对话中,仍不时听到两位嫂子频频出面缓颊,劝蔡母别太过激动,身T要紧云云。但正在气头上的蔡母哪管得了那麽多,今晚不把话说清楚、讲明白,绝不善罢甘休!
最後,蔡母骂到不知该说些什麽了,愤愤之余,转身点燃三柱清香,向仙逝的尪婿及蔡家先祖告慰一番,转身再叫兄弟俩过来,跪拜、忏悔!
兄弟俩跪拜神祖牌位的同时,阿春沏了碗茶,端到蔡母跟前,请她先喝口茶,缓缓气:还很委婉的说他们大老远来江仔嘴,人才刚到,马上又把他们赶走,要是传出去,阿富、阿贵日後也不好做人!
於是阿春提议道:「我看尹他们也呒亲像歹人,先暂时借人住两暝,然後搁再请人离开,安呢也呷袂失礼。」
经阿春这一番好说歹说,最後蔡母对跪在地上的兄弟俩表明了她的底线。

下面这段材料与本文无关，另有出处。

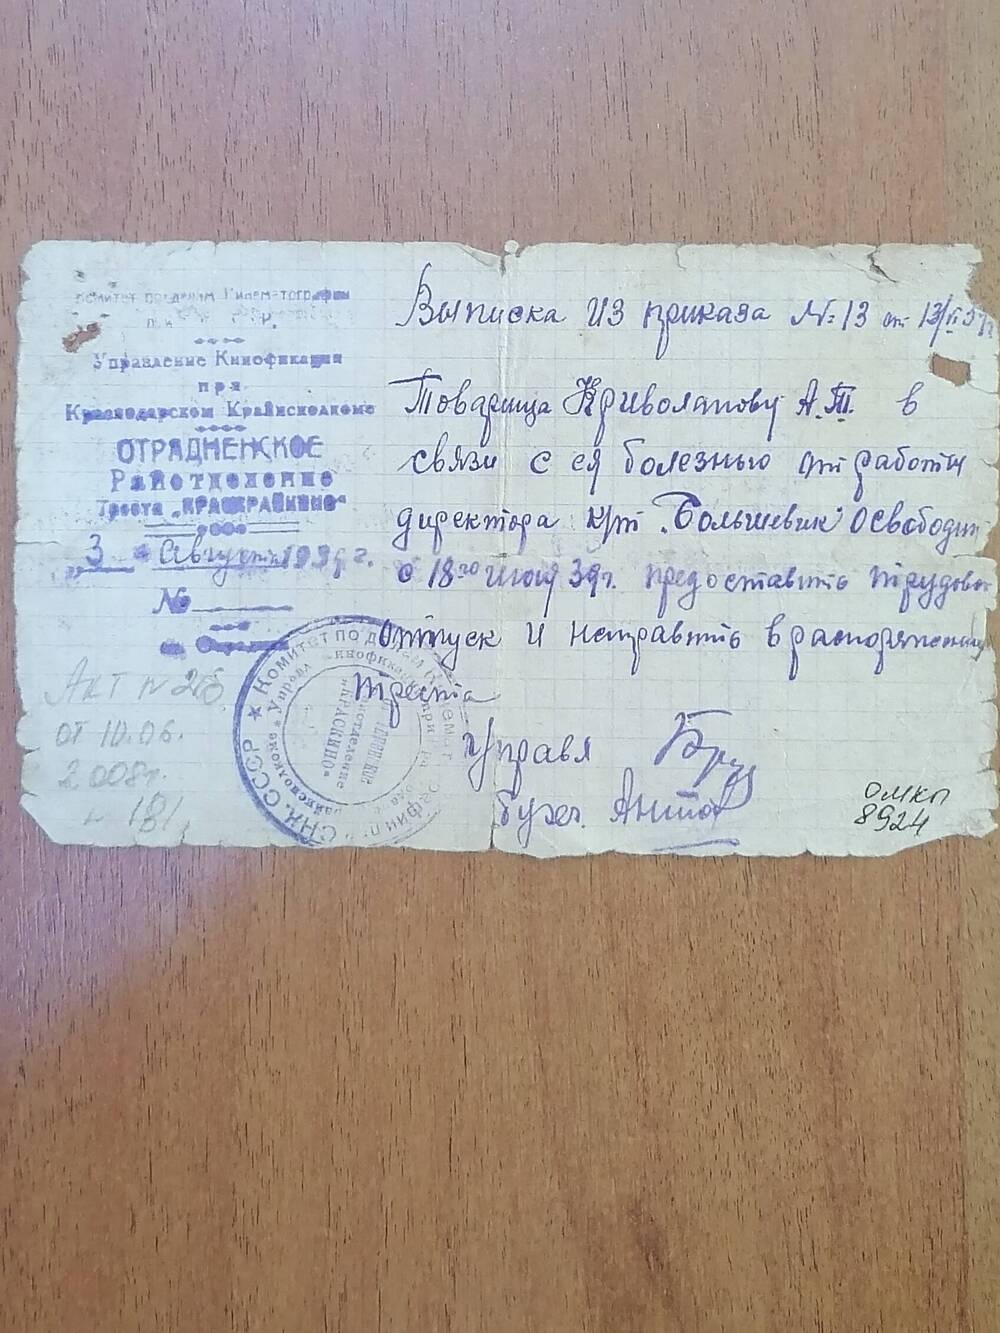 Выписка из приказа № 13 о предоставлении трудового отпуска Криволаповой А.Т.
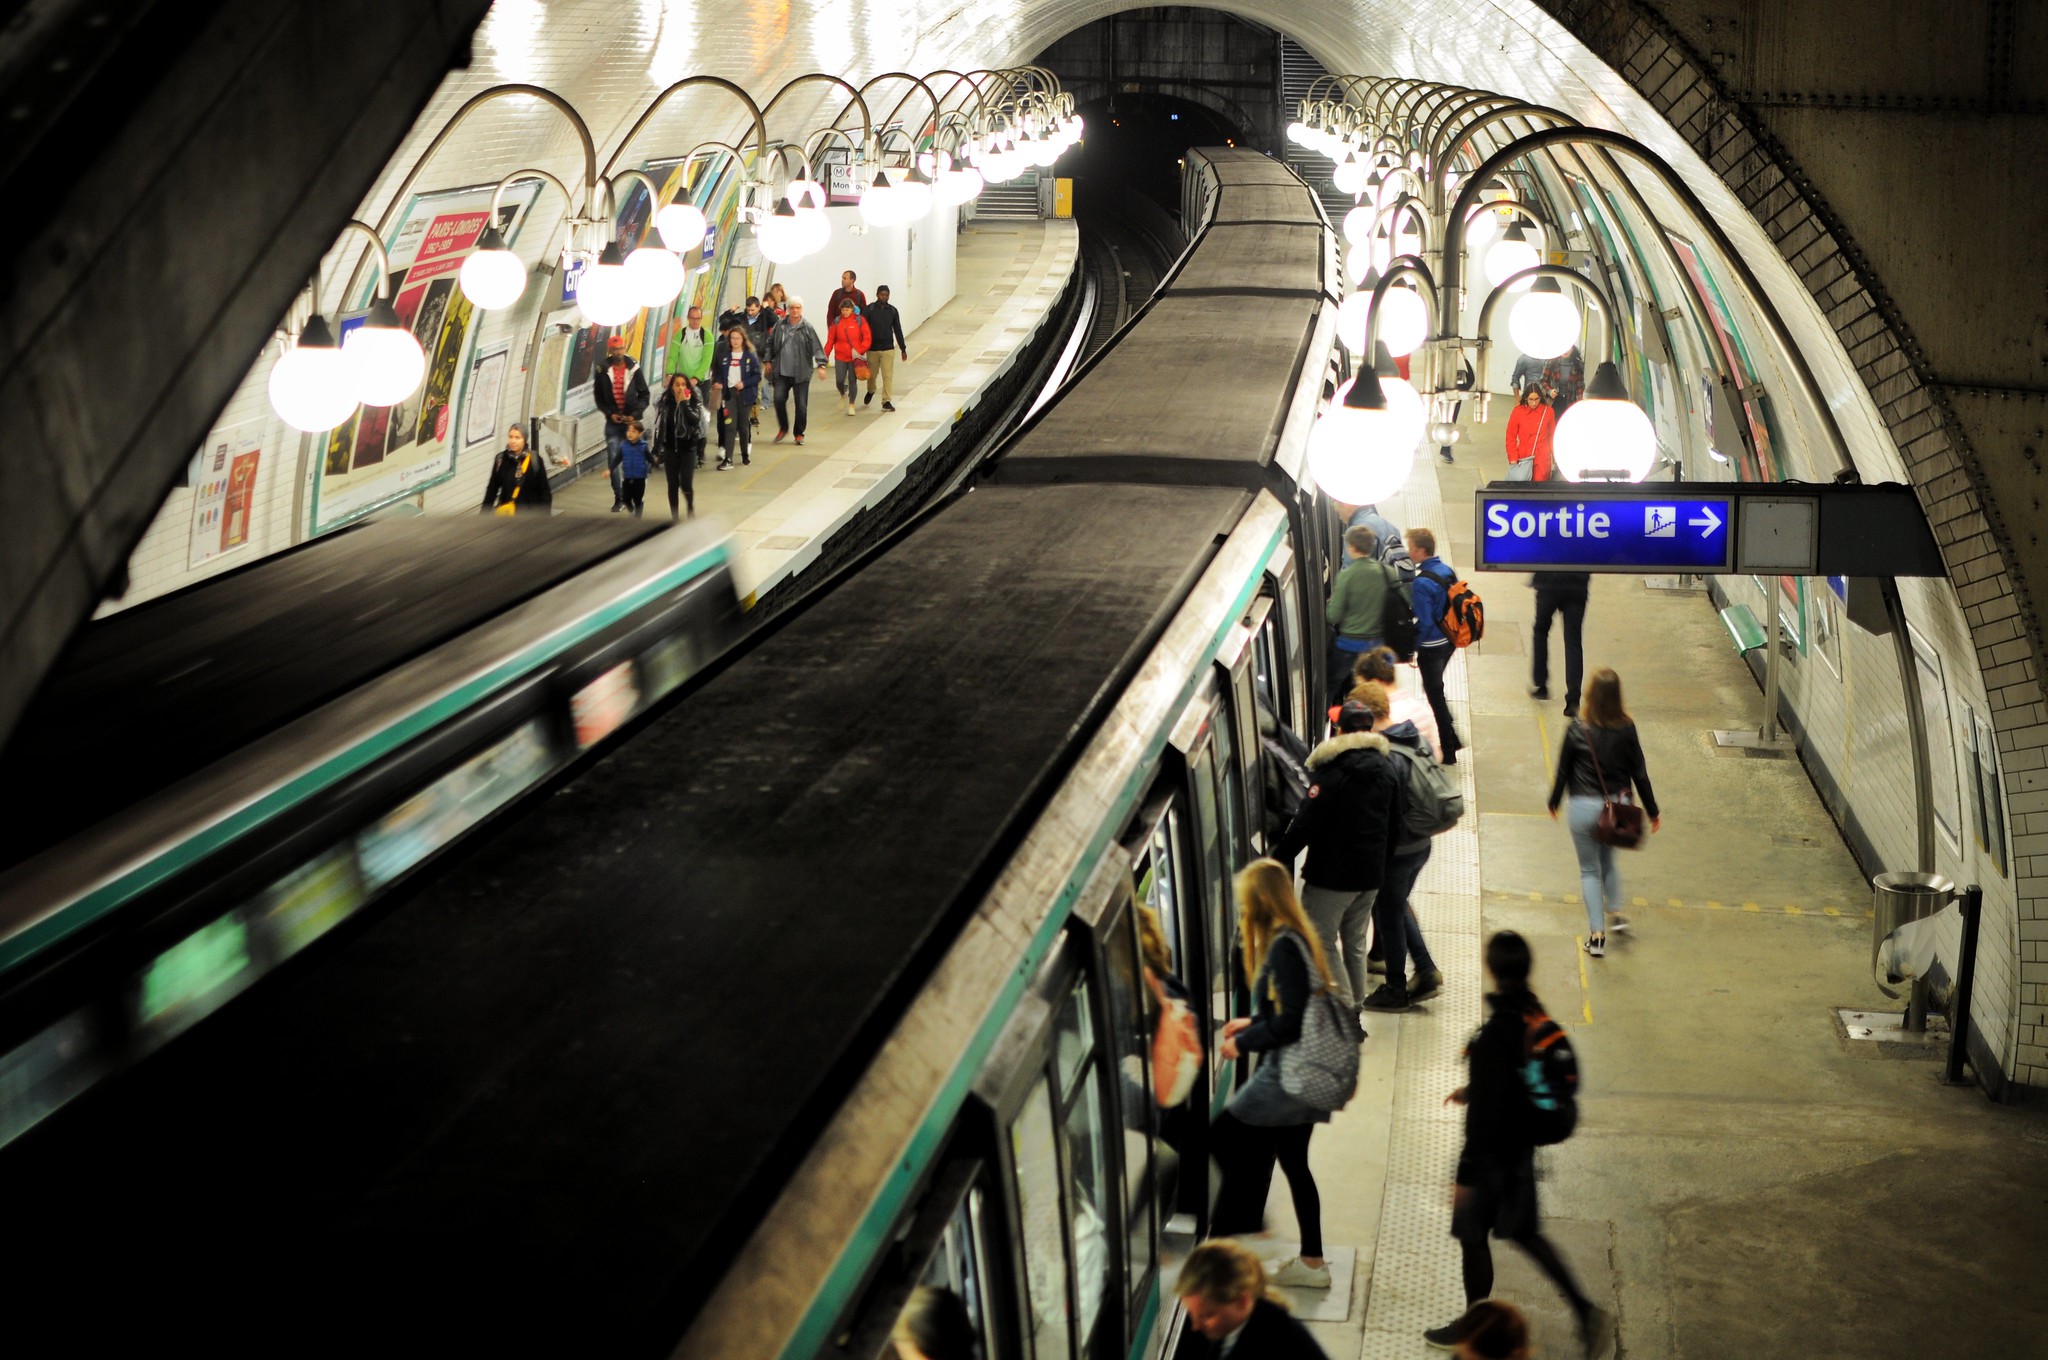 Le métro parisien (station Cité). © Olivier Prt, Flickr

她说:「恁两人莫愈来愈毋识款不长眼,在外口Ai安怎呷人澎风吹牛我不管,反正厝里面绝对毋通给生份人住久,明载朝起明天早上,想办法呷尹请走!」
「江湖救急,阮袂当不能袖手旁观,见Si不救啊!」阿贵试图反驳道。
「欧多桑爸爸送恁去日本读册,独独学到啥麽江湖救急倒转来?」蔡母反问。
兄弟俩知道再争论下去,没完没了,只好先允诺会想办法把他们「请」走,但且容他们在家里借住几晚;几番讨价还价,家会最後不了了之。
兄弟两人回到一进院,在这里来回踱步良久,都为蔡母下逐客令这事感到一筹莫展。
阿贵:「逆桑你先去困吧,明载我去铁道部问看麦,看敢有法度乔一间宿舍给尹住;因为日本人刚走,宿舍空出袂少间。」说完,兄弟俩各自回屋後,蔡家这才回复平常夜里该有的宁静。